膵臓は解剖的に消化器系の臓器の中で一番背中側にある臓器で(後腹膜臓器といいます)、すぐ後ろには腹部大動脈や下大静脈といった非常に太くて重要な血管が走行しています。
また膵臓周囲には肝臓を栄養している血管や、胃や小腸、大腸を栄養している血管が網目のように走行しており、さらに膵がんはこのような血管に好んで近づいていく性質を持っているため、手術の際はこのような大事な血管を傷つけずに、腫瘍をきれいに取り切らなければならないため、消化器がんの手術の中でも難易度が高い手術とされています。
Q2根治切除をしても再発率が高いのはなぜですか?
上述のように、膵がんは周囲の大事な血管に好んで近づく上に、膵臓周囲のリンパ節や、肝臓や肺などの他臓器に転移しやすいと言われています。手術前には明らかな転移は認めないものの、目に見えないような微小な転移が他臓器あるいはリンパ節に存在する場合も少なくなく、これが手術後しばらくして顕在化してきた場合に、再発と診断されます。

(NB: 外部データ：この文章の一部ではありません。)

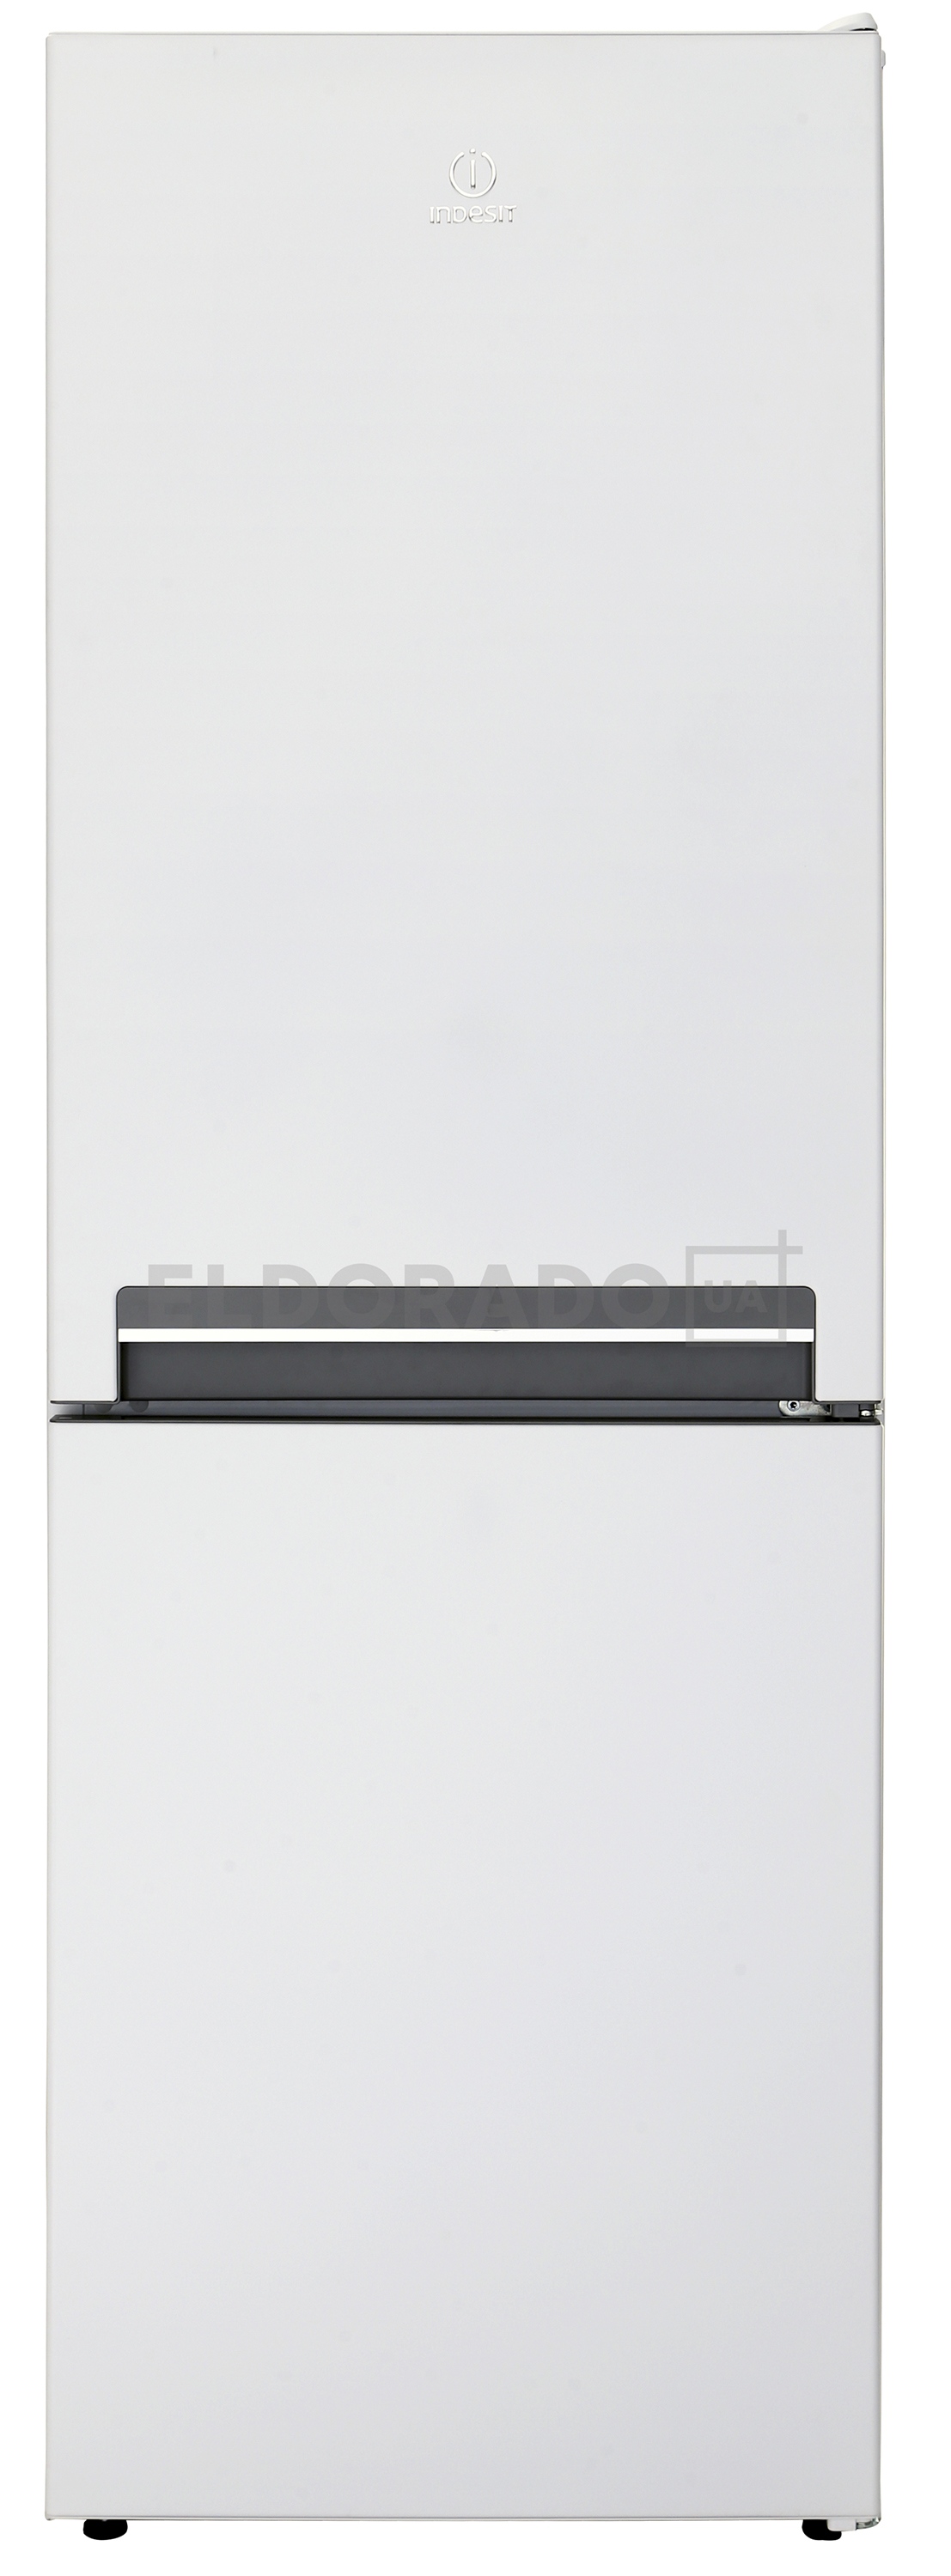 Акция на Холодильник INDESIT LI 7 S1 W от Eldorado

膵がんの場合、比較的早期のがんであってもすでに微小転移している場合が多いと言われており、そのため切除後の再発率が高いと考えられています。
Q3手術後の生活で気をつけることは何ですか?
膵切除に伴い、膵機能(消化酵素の分泌、インスリンの分泌)が低下し、消化機能の低下や耐糖能の異常(血糖値が上がりやすくなる)を来す可能性があります。また消化管再建術を伴う膵切除の場合、消化管運動の低下や、胆汁の逆流などによる胆管炎を来すことがあります。
したがって、膵切除手術後は、食事をゆっくりよく噛んで食べたり、一度にたくさん食べ過ぎないように気をつける必要があります。ただし運動などの制限はほとんどなく、日常生活は普通に送れることが多いです。